And Nothing Hurt is not just the best album of the month. It's the best album of the year - because you'd have to record some fucking Abbey Road to beat this.
The album was not released last year, to coincide with the 20th anniversary of Ladies and Gentlemen, We are Floating in Space, but one cursory listen to And Nothing Hurt should give you an idea why. To paraphrase the great T.S. Eliot, Jason Pierce wanted to go out with a bang, not a whimper. And so if this is to be Spiritualized's final record, and I hope to God it isn't, then this is the kind of bang the Spaceman deserved. He put that much care, and talent, and time, and health, into the proceedings.
"A Perfect Miracle" brings back the precious memories of the famed title song from 1997, and Pachelbel, and all those striking melodies that Jason Pierce has written over the years. "I'm Your Man" is a timeless anthem of awkward manhood. "Here It Comes (The Road) Let's Go" is one of those simple tunes you'd think anyone can compose yet only the Spaceman is capable of. "Let's Dance" is a heroin waltz, all charming and vulnerable. "On The Sunshine" is the first noisy rocker of the LP, and it closes the first side with a groovy horn-filled wall of sound, Spiritualized-style.

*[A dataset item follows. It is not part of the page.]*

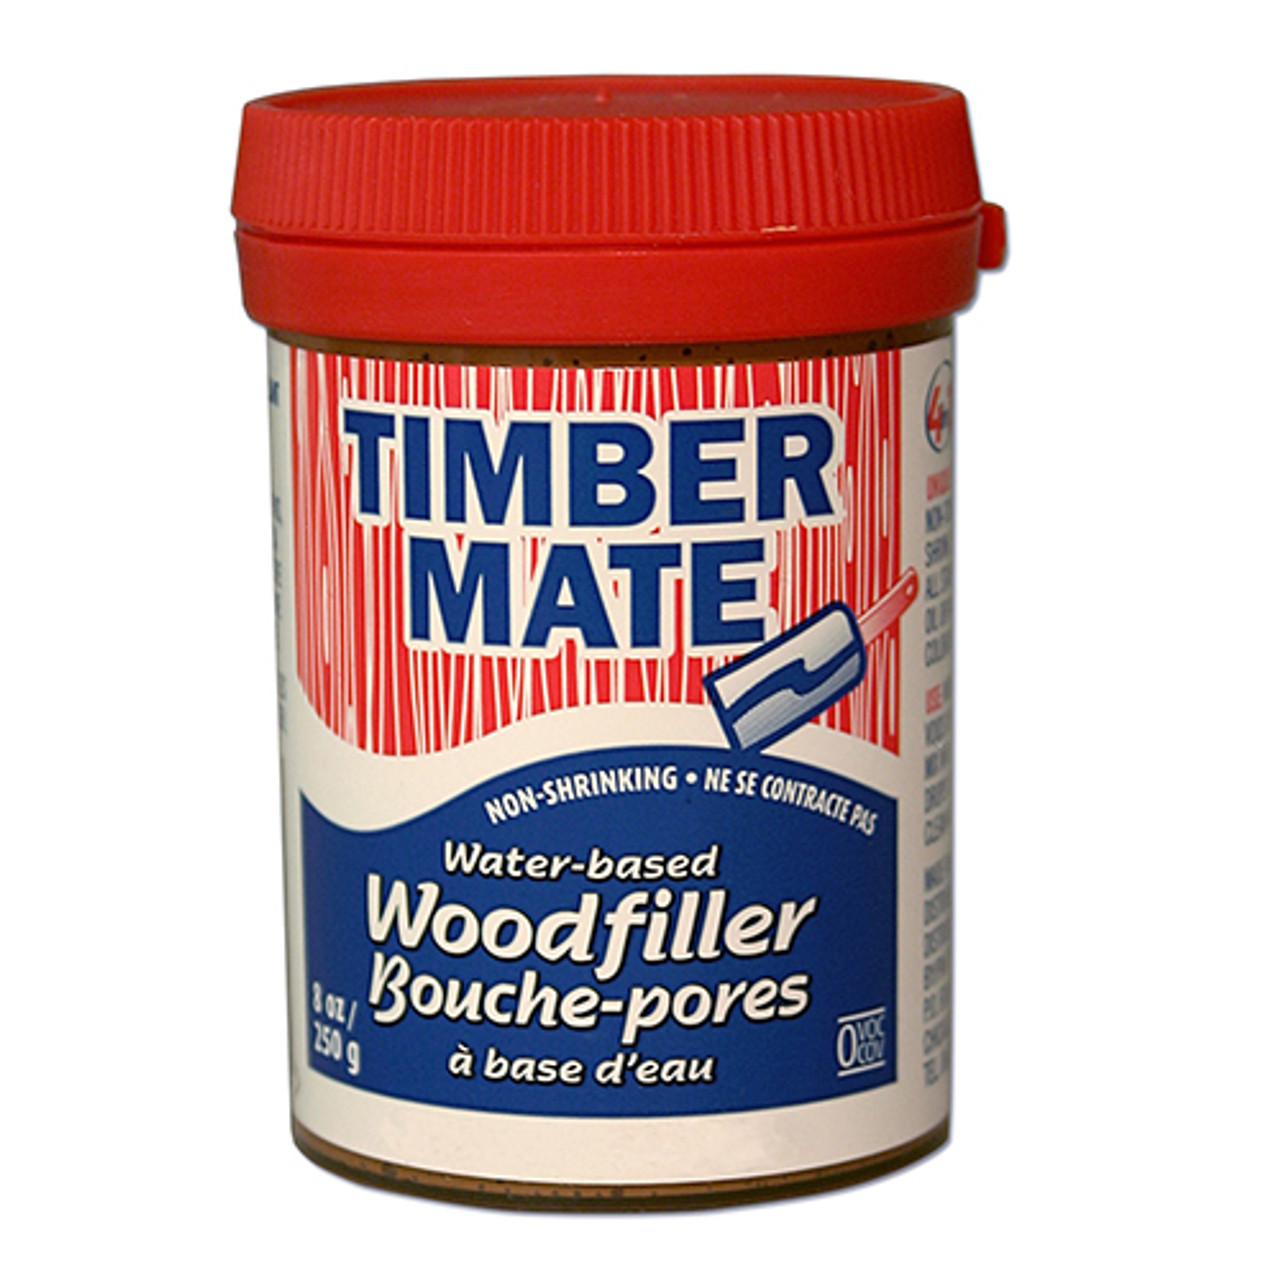 Timbermate Waterbased Wood Filler, Ebony, 8oz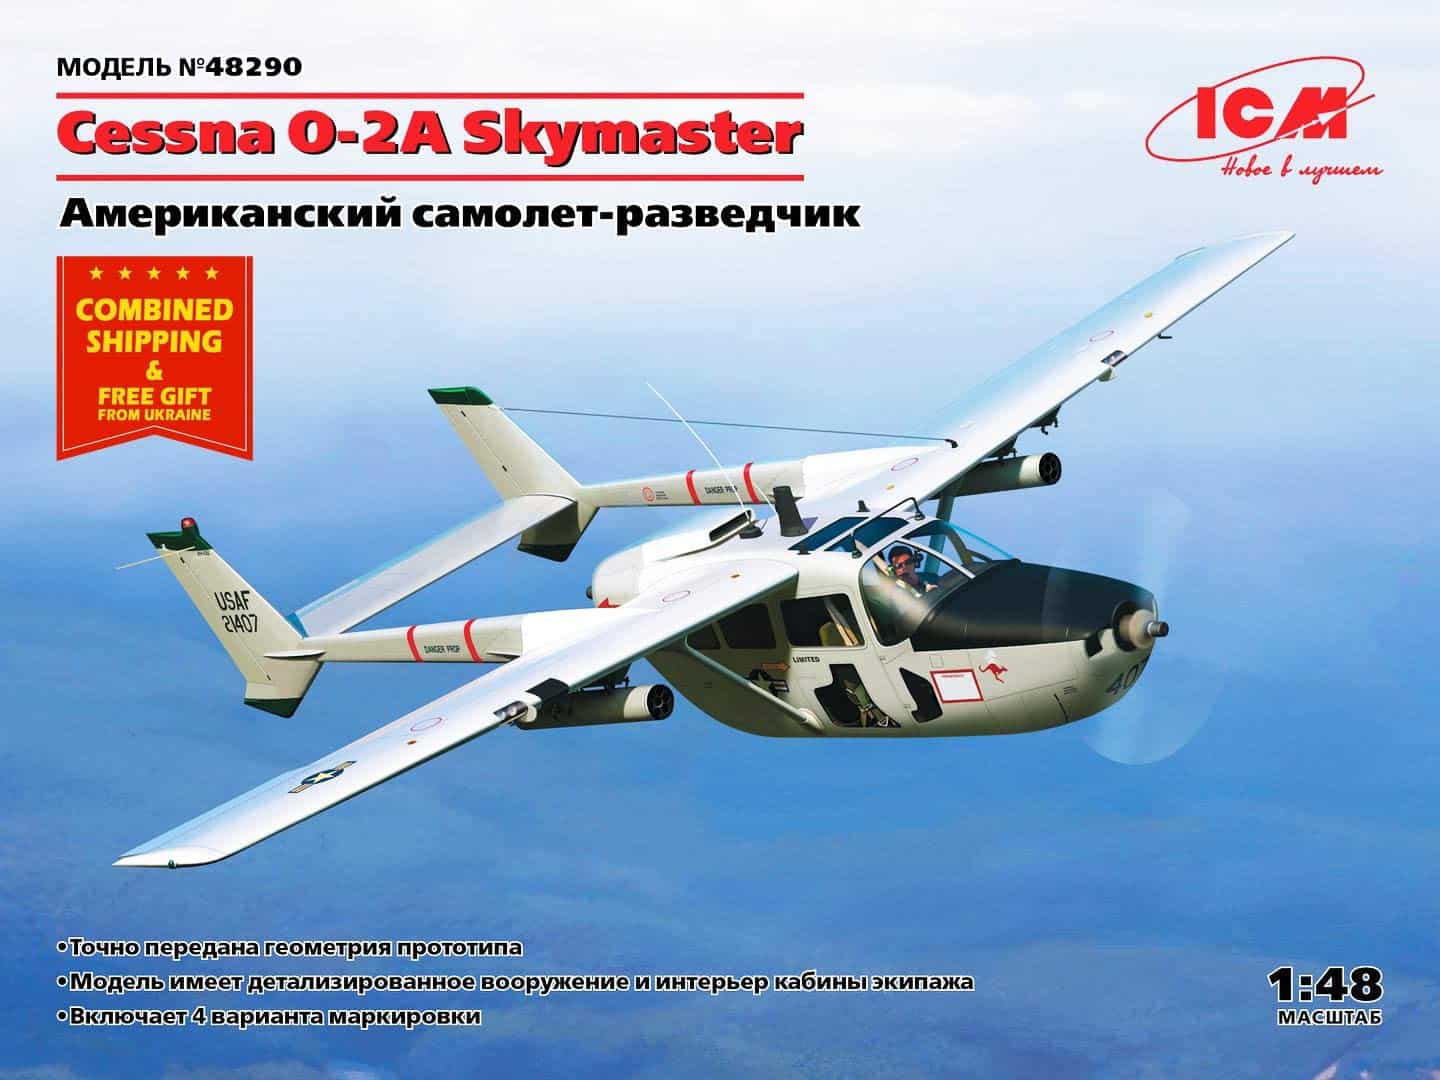 Cessna O-2 Skymaster ICM Review

Side B opens with a sweet sweet thing called "Damaged" with its intense instrumental passages gorgeous to a fault. "The Morning After" is almost as good as "Hey Jane" off the previous album. Its lengthy coda is total madness that would be ugly if it were not so goddamn tasteful. "The Prize" is another mellow ballad, the kind you place at the end of your final statement. Having said that, it's not the last song on the record as we also have "Sail On Through". A bombastic closer, you could think, something to rival "So Long You Pretty Things"? In fact, more like "Goodnight Goodnight" - only better. A sleeper, and a beaut.
I know I keep mentioning these other songs from Spiritualized's career, but that's because And Nothing Hurt is so mindful of its past. And I know I keep harping on about this being Jason Pierce's last album, but then those were his words. It's been a long fight, from "Cop Shoot Cop" to "Medication", and it has left its bruises. That there is so much great music coming from these bruises I can only see as a miracle. I will of course be waiting for another one, patiently, but for now this will be played until the vinyl wears thin. The album is a masterpiece.